CSR is a relatively prominent subject, but the technology that works behind the scenes to support CSR is less well-known. This technology allows organizations to streamline their initiatives in giving back by making the act of giving more efficient and, more importantly, providing the ability to analyze the impact of that giving. It allows companies to laser-focus on their philanthropic efforts by driving funds and resources toward causes that most closely resonate with the organization and their employees in a tailored and scalable way.
This applies to almost any industry that engages in CSR, but when also taking CRA into account, banks may be better positioned to be helped by this technology.
Putting a program in place to accomplish CRA goals isn’t challenging, but banks also need to be able to measure the impact of those efforts and develop accurate data to share with regulators. An agile software platform can help track and report their CSR initiatives in the areas of grantmaking, employee giving and employee volunteering. Think of it as a built-in mechanism for local banks to capture CRA service credits that might otherwise have been overlooked.

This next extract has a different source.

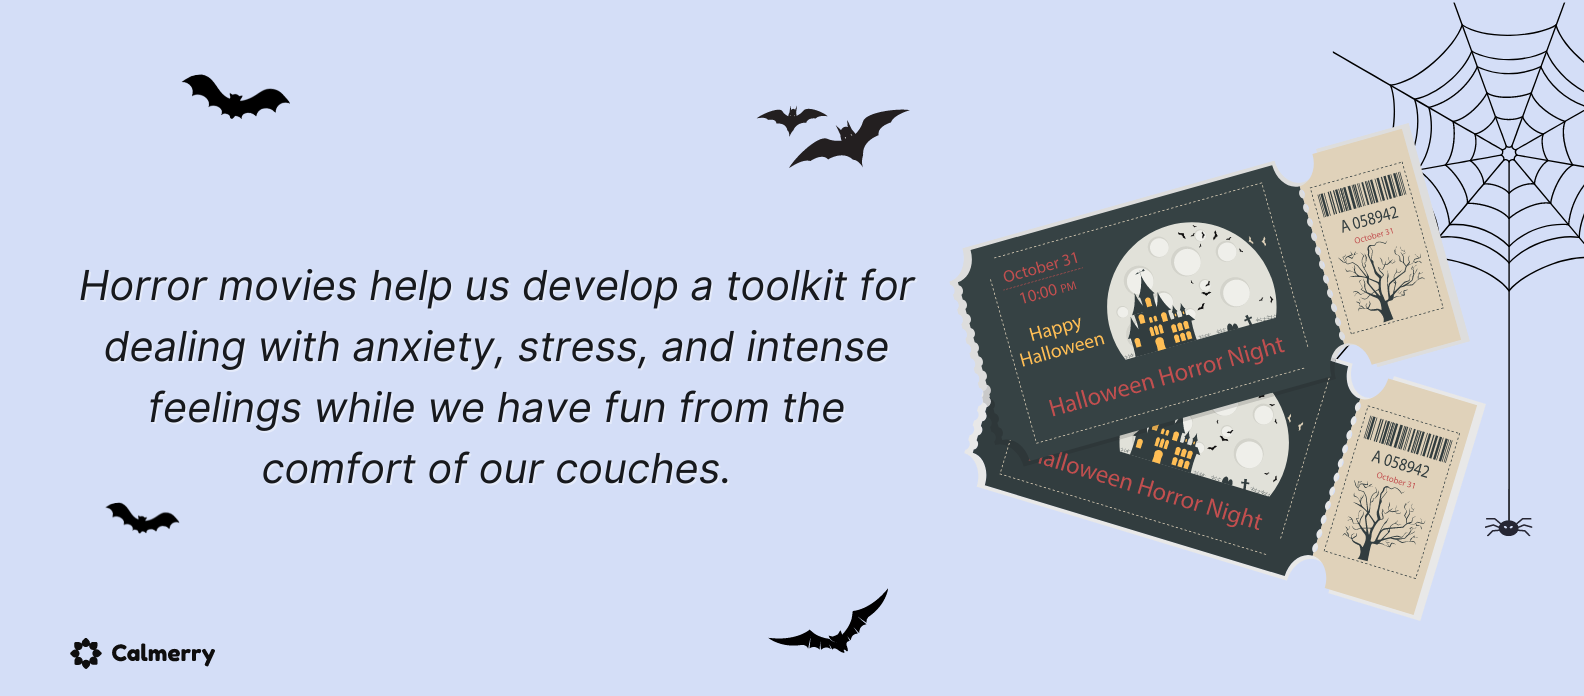 Horror movies help us develop a toolkit for dealing with anxiety, stress, and intense feelings while we have fun from the comfort of our coaches.
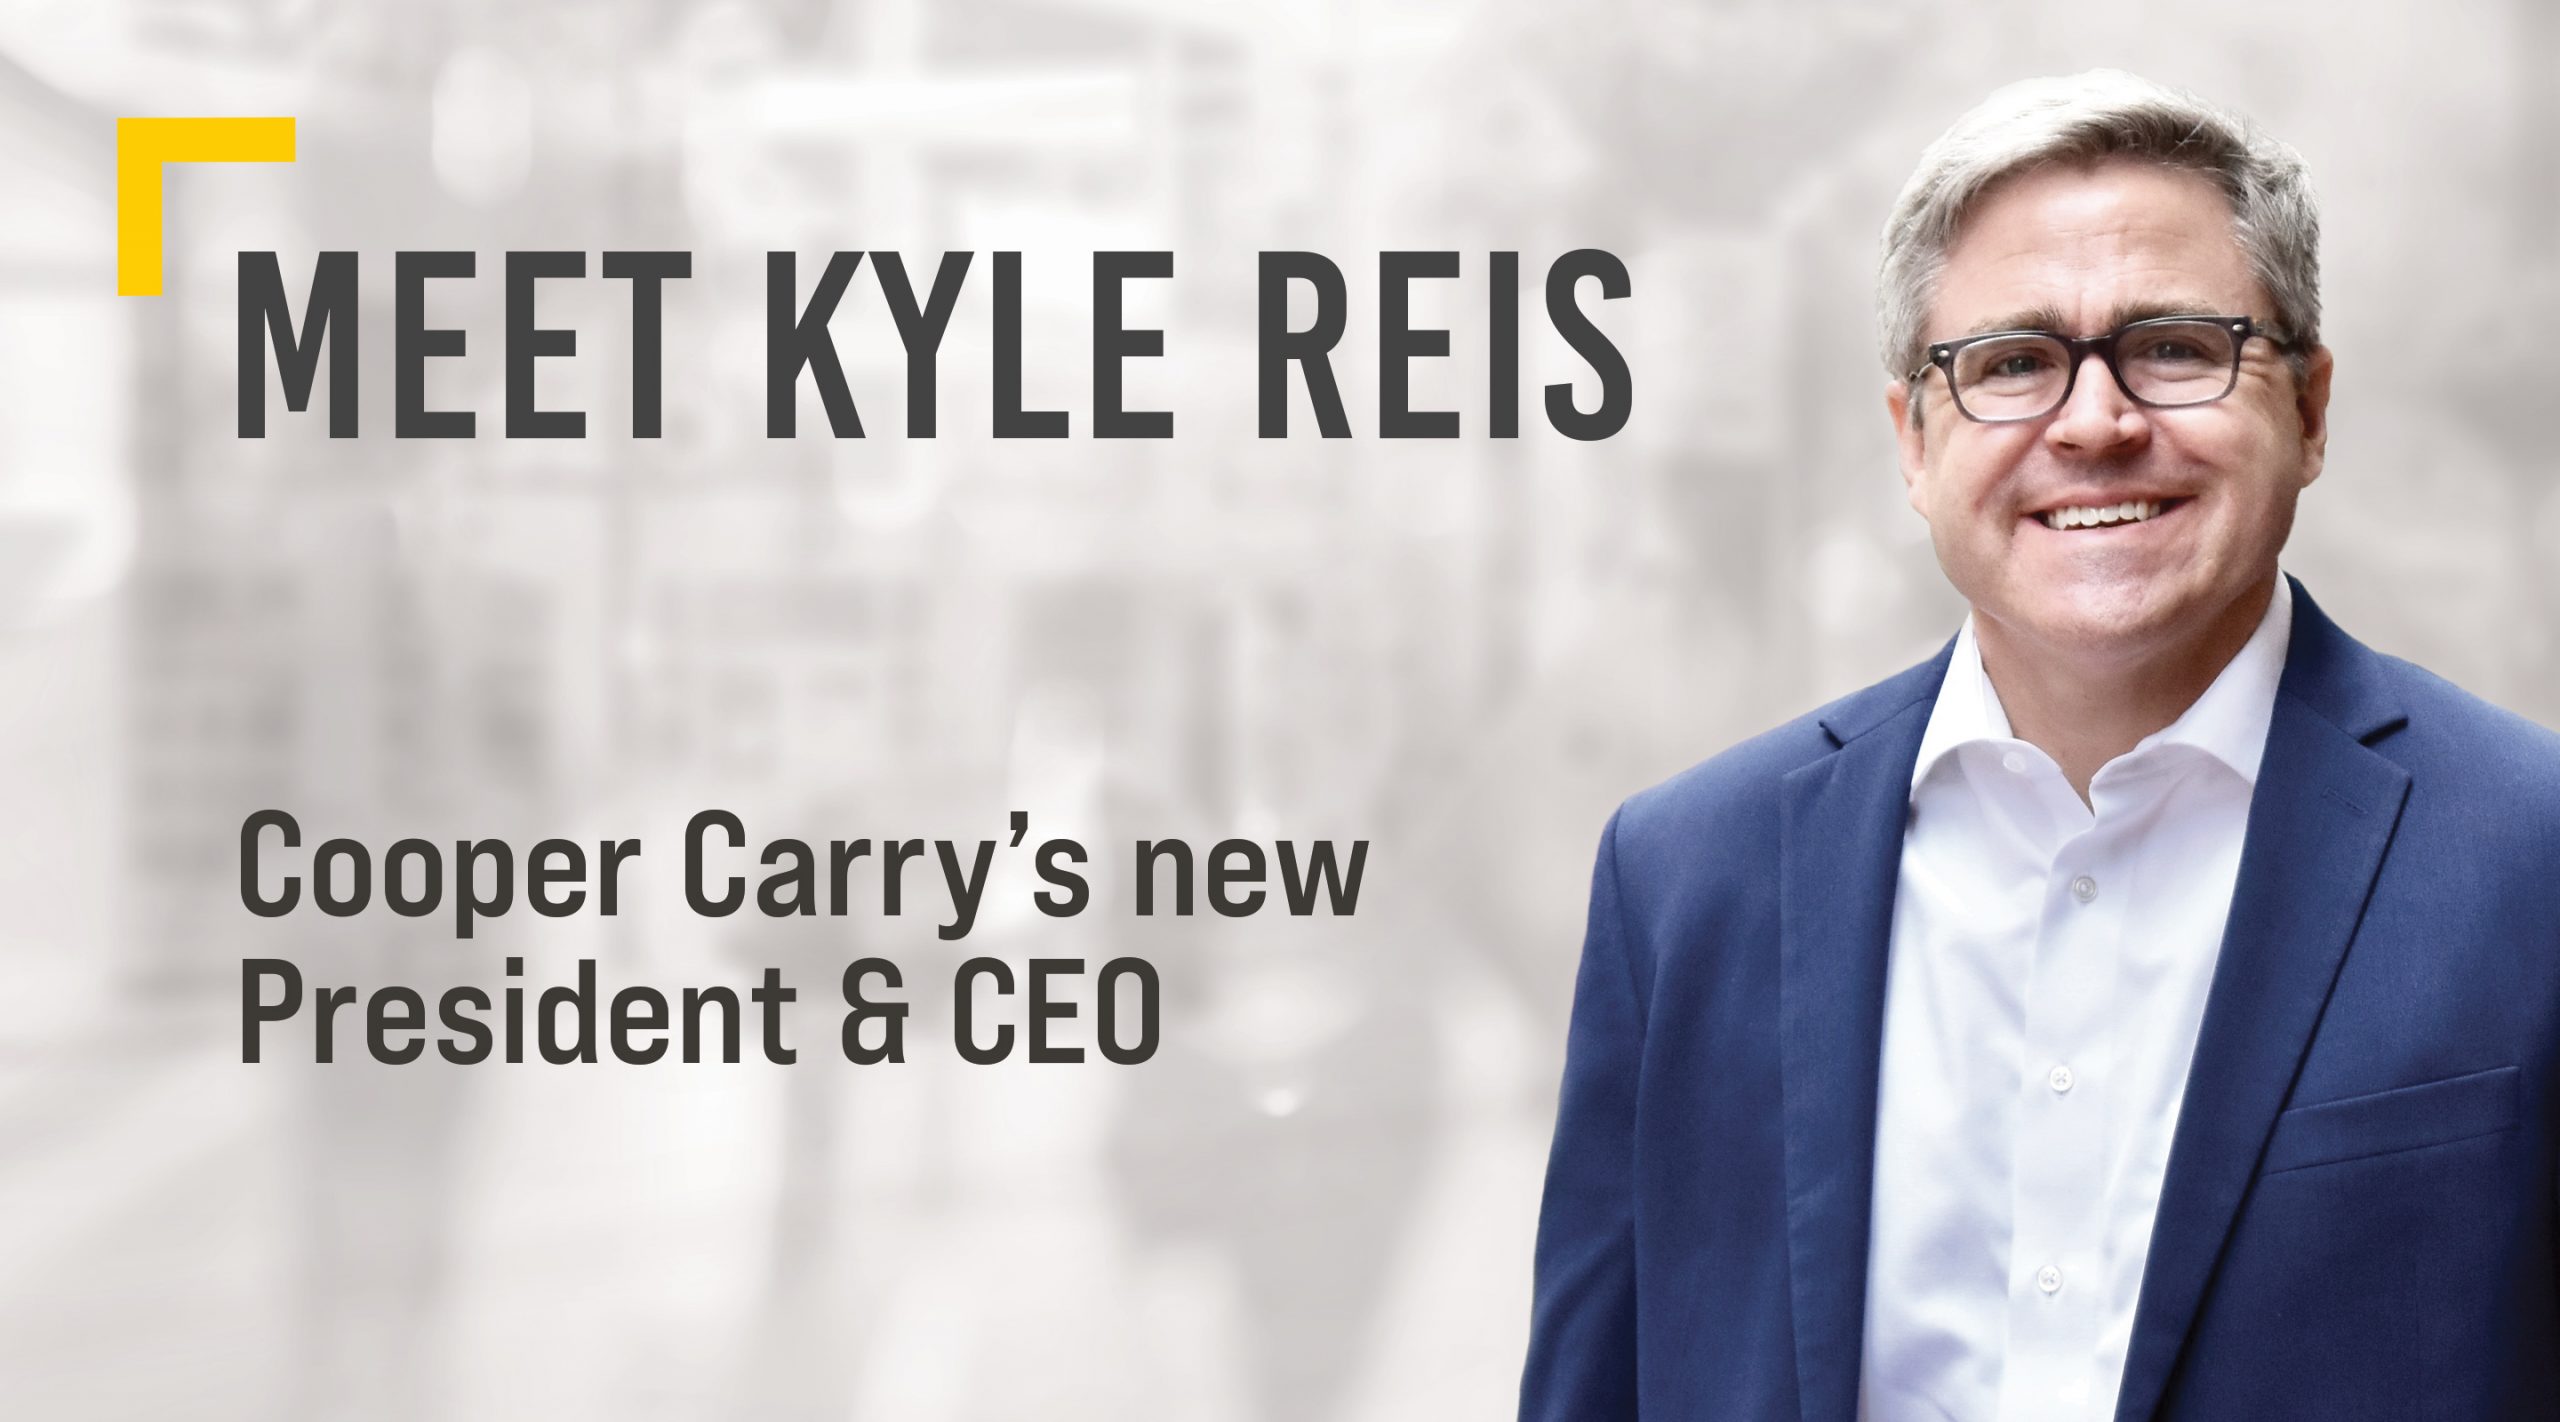 kyle reis cooper carry ceo

Taking the positive change driven by individual CRA programs, in conjunction with CSR being driven by corporate and employee giving, can be helpful to a bank from a reporting perspective, and it can also act as a positive form of brand recognition. Many consumers are more inclined to engage with companies with robust CSR programs, and these organizations are even more positively recognized when the programs align with what customers care about.
As with their employees, banks should listen to their customers and support causes important to them. Increasing brand loyalty is one benefit, but bringing in people outside the organization that share the same mission to do good things in the world is even more valuable.
Regardless of the causes to which an organization contributes funds, it’s more important than ever to have solutions in place to ensure funds are being distributed correctly and in a manner that is measurable. Robust data from CSR programs can educate leadership on how to continue finding success in their giving initiatives, providing the agility to make decisions to maximize impact.
And as more businesses look to refine their giving programs by integrating CSR solutions, we’ll see positive change take place on an even larger scale.